Korea's Migrant Brides
From VOA Learning English, this is As It Is. I'm Anna Matteo in Washington.
Marrying someone from a different culture is very common. People do it all the time. And many international marriage brokers earn large profits by playing matchmaker for people. But what happens when the marriage business starts to resemble the selling of women? Some experts are examining the situation of migrant brides in South Korea.
Tens of thousands of South Korean men have married foreign women over the past 10 years. However, the government reports that many of those marriages end in divorce. And women’s rights experts are concerned about how these immigrant women are being treated. They are asking the Korean government to make rules for these marriages.
Lee Soo-yeon is a Vietnamese migrant bride.

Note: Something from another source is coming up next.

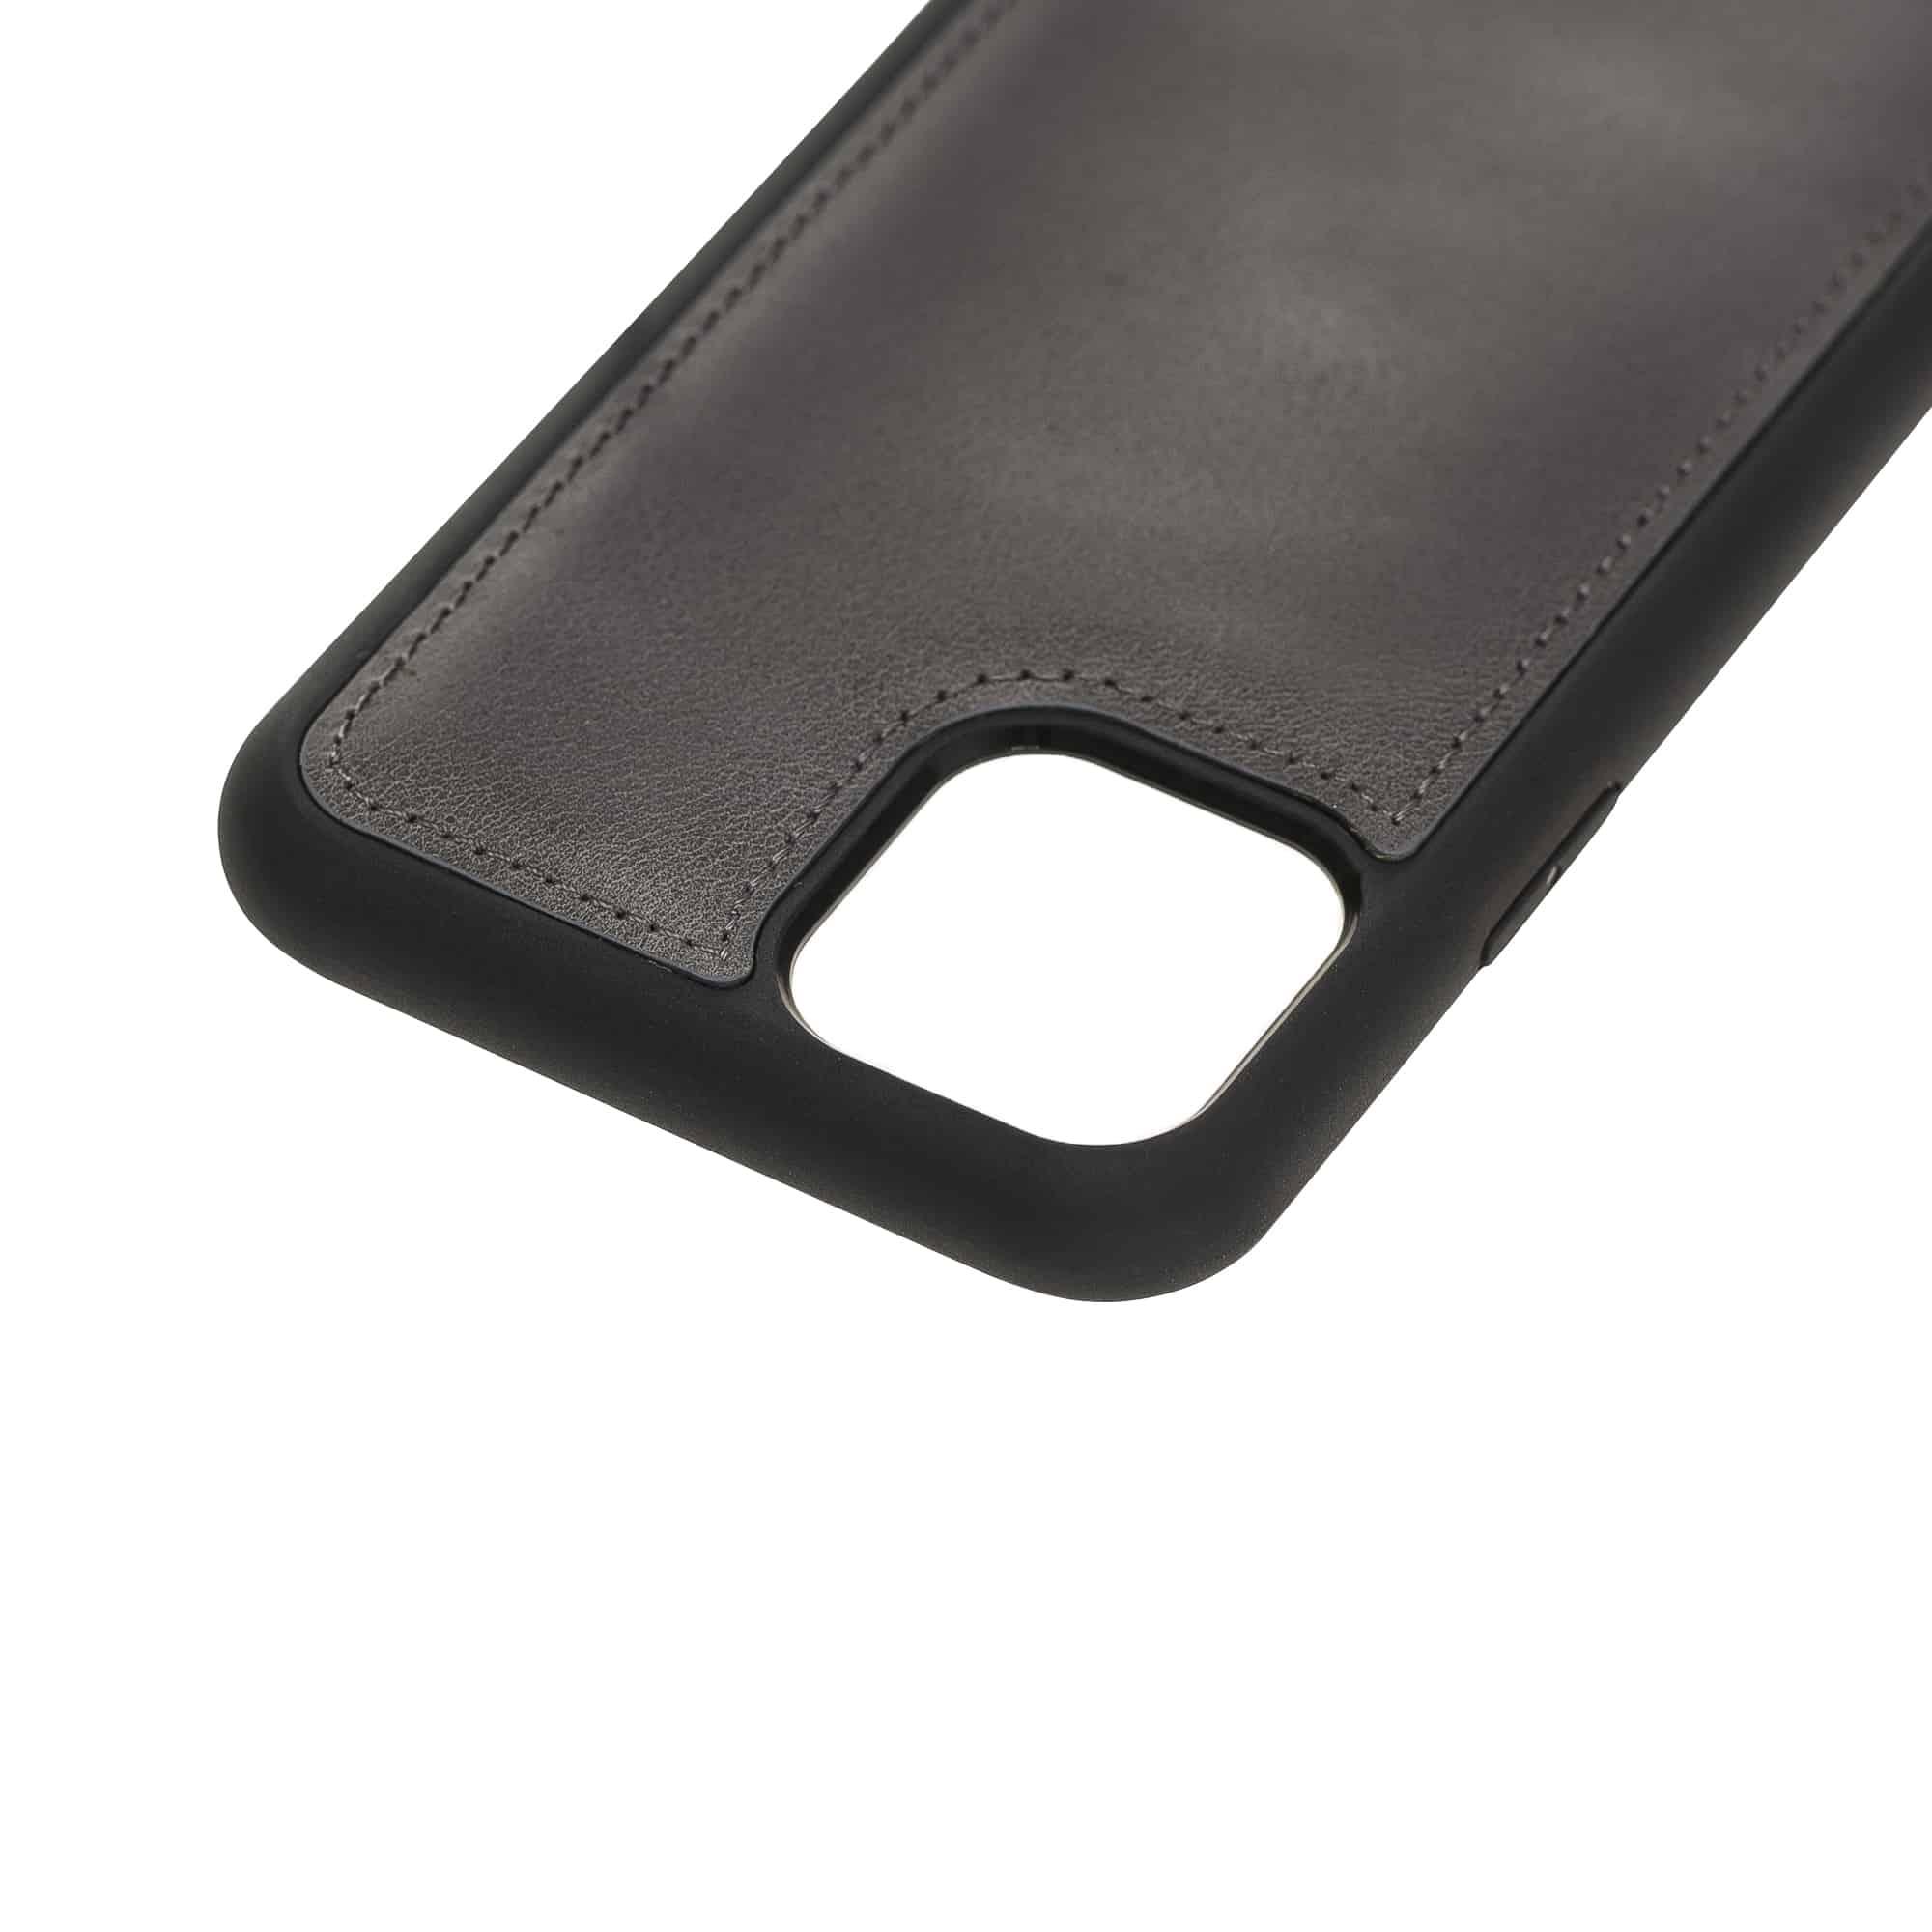 Solo Pelle Lederhülle für das iPhone 11 Pro in 5.8 Zoll Stanford Case Leder Hülle Ledertasche Backcover aus echtem Leder (Steingrau Burned)

Six years ago, she left Vietnam to marry a South Korean man. Now 36-years old, she works as a translator at a center for immigrant women in Asan, a city 48 kilometers south of Seoul. She speaks Korean and uses a Korean name, but Ms. Lee is no longer with her Korean husband.
“At first we could not communicate well. And later we began to fight a lot. He hit me. I do not hate him now, but I realized he has a drinking problem”
The couple’s young child now lives with Ms. Lee’s mother-in-law. She says it is unlikely she will reunite with her husband. She blames the marriage agency that introduced them in Vietnam.
“Marriage agencies do not provide any information about the men they introduce to the women. We need to know more about these men, their personalities and their financial stability.”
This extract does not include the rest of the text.